Monday 11 February 2013

'Stampede' at Kumbh Mela?

So far at least 36 people have being killed and 31 injured in a crush at a railway station in Allahabad, India as pilgrims were returning from the Kumbh Mela Hindu festival. The BBC's on-line coverage of the tragedy doesn't used the word 'panic' to describe the tragedy (although Radio 4's Today programme did!), but still uses the term 'stampede' at least 5 times, which in my view is just as bad because of the animalistic and unthinking overtones that it implies.

However, the coverage also highlights what I think will emerge as a more likely cause of the tragedy- that of mismanagement of the crowd, and allowing dangerous overcrowding to occur. India's railway minister admits as much;
"There were too many people on the platforms. The station was overcrowded".
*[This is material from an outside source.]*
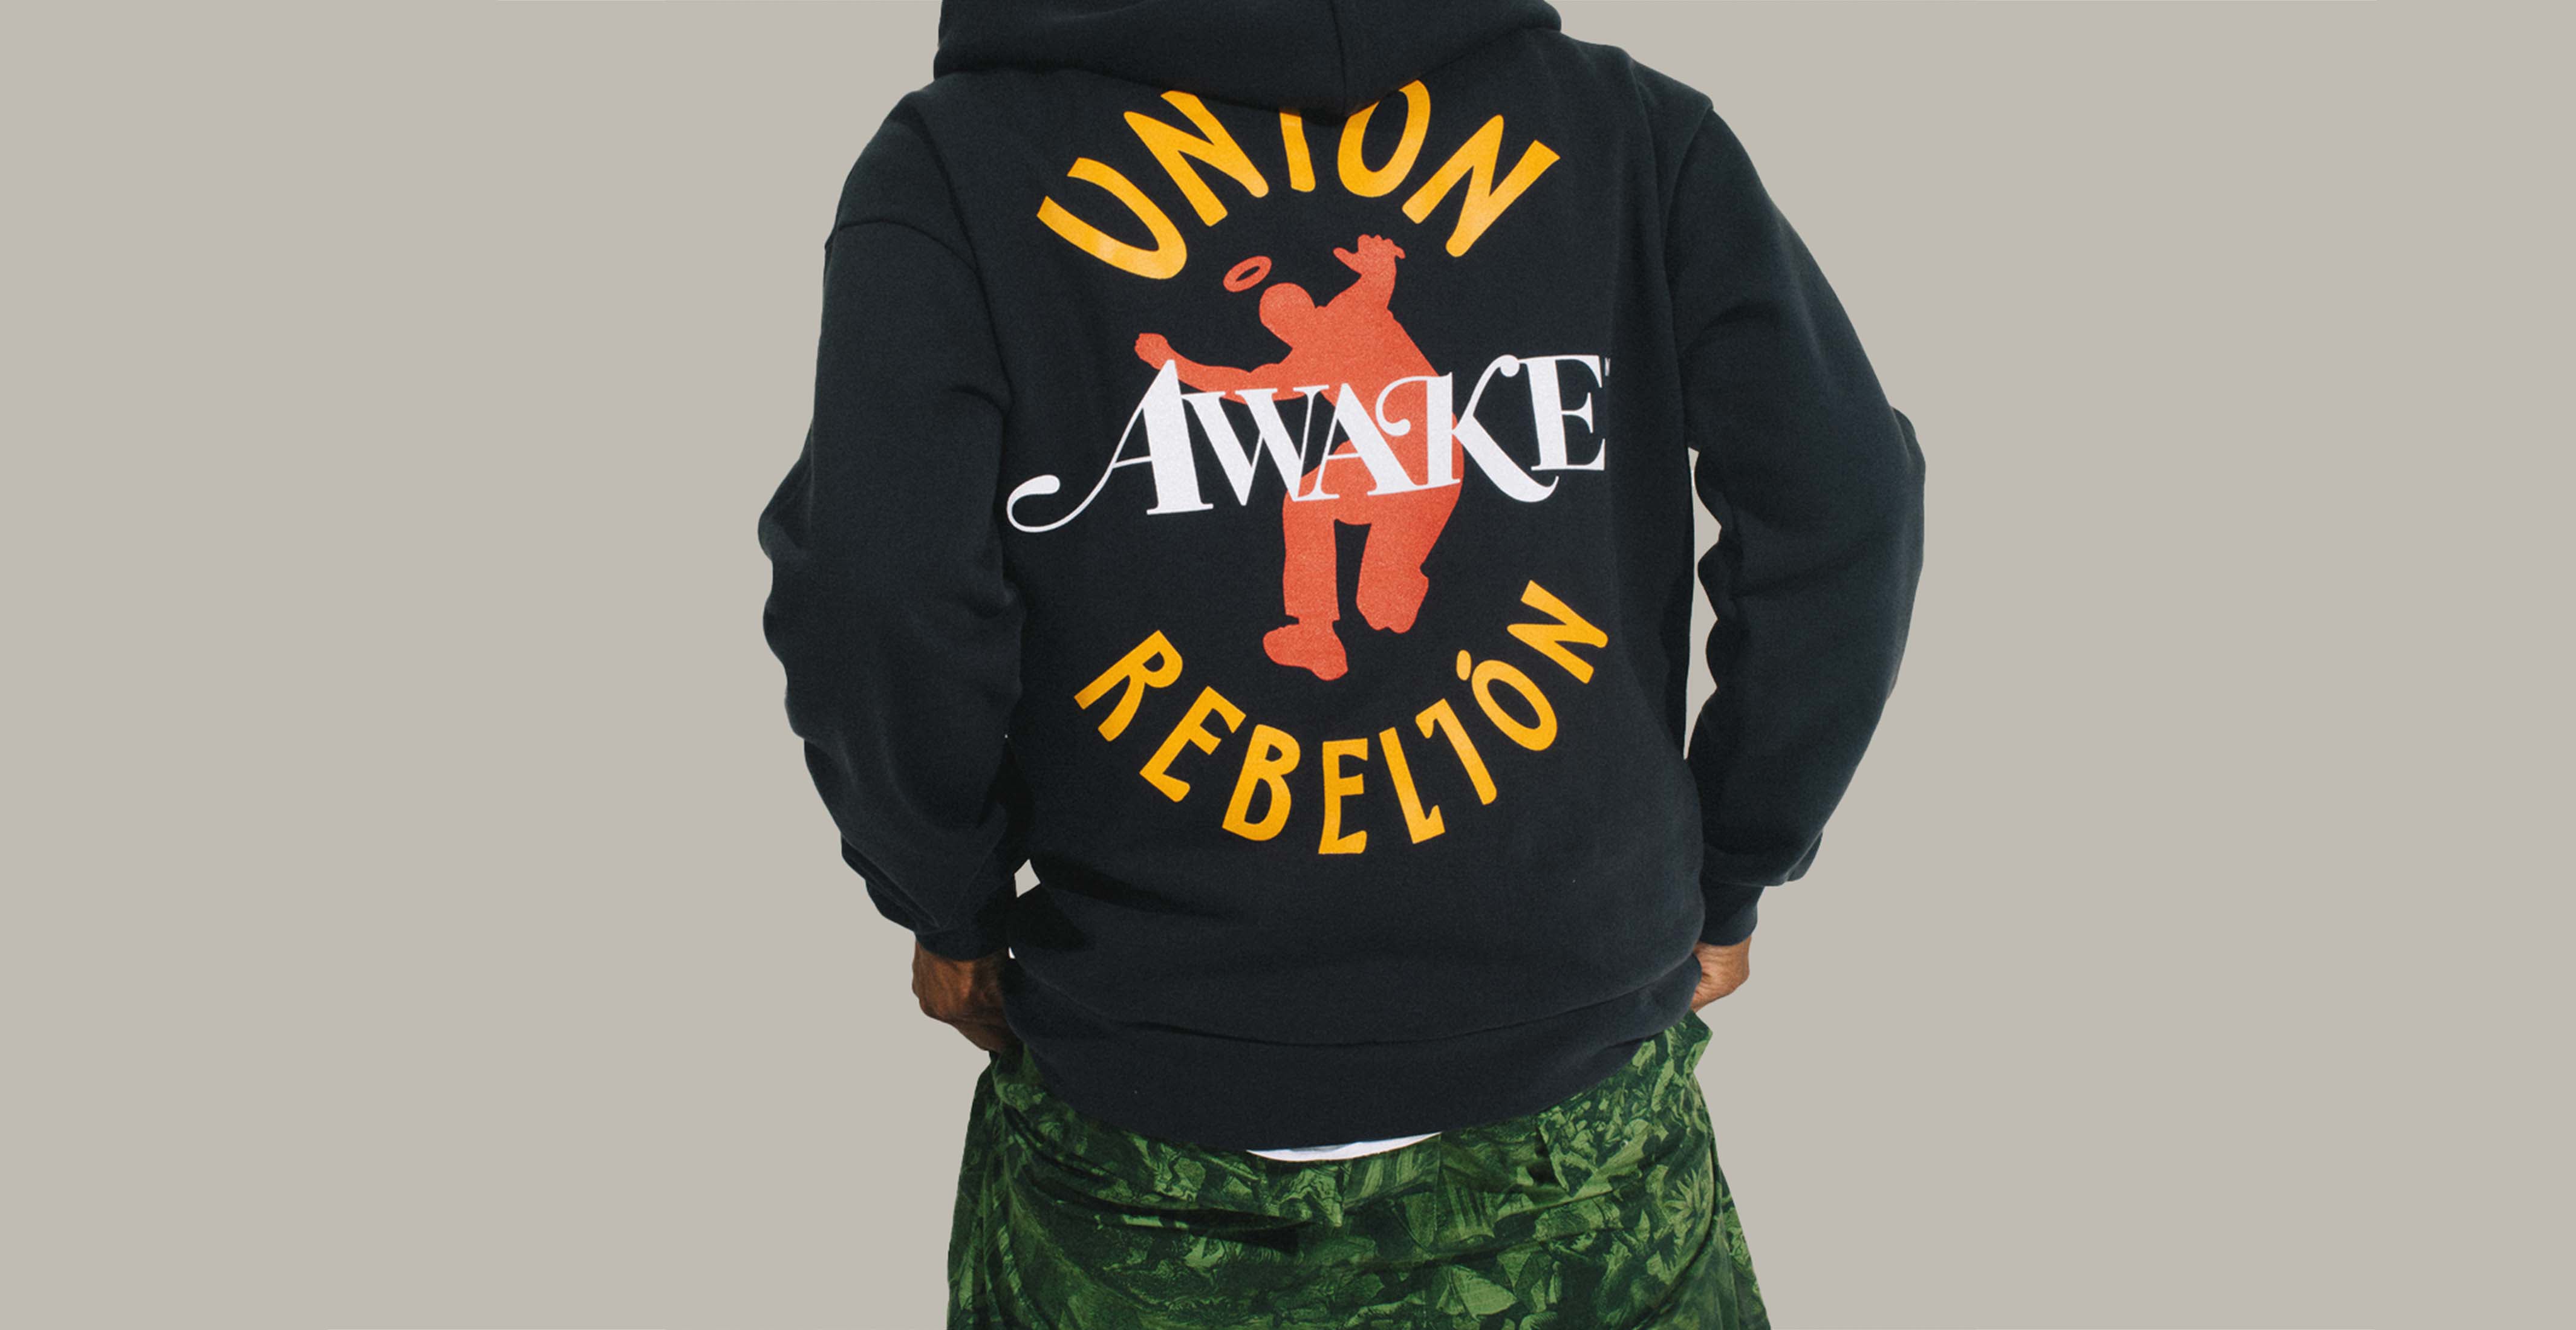 Union x Awake: Rebelión

A previous post I wrote looked at how events reported as 'stampedes' rarely turn out to be supported by later evidence, and how terms such as 'panic' can serve to deflect blame onto the 'irrational' behaviour of those affected, when negligence on the part of those responsible for managing the event may be a more likely cause of the tragedy. I also worry that there can sometimes be a fatalistic belief that at mass gatherings of people (often religious festivals), deaths are almost inevitable, and that little can be done to prevent them. I remember doing a radio phone in for the BBC world service a few years ago about the annual Haj pilgrimmage in Saudi Arabia, where I was debating crowd safety issues with a representative from the Saudi interior ministry, and I came up against a similar kind of fatalism amongst him and other callers. The work of Keith Still who has advised the Saudi authorities in designing structures and crowd modelling issues to deal with the vast numbers of pilgrims who attend the Haj, has shown that such events can be managed safely, and that one need not accept that there will always be fatal incidents. Helping to facilitate the safe movement of crowds and trusting them to behave in a sensible way  (rather than blaming any tragedies on the behaviour of those affected), is necessary if the risk of such tragedies occurring in future is to be reduced.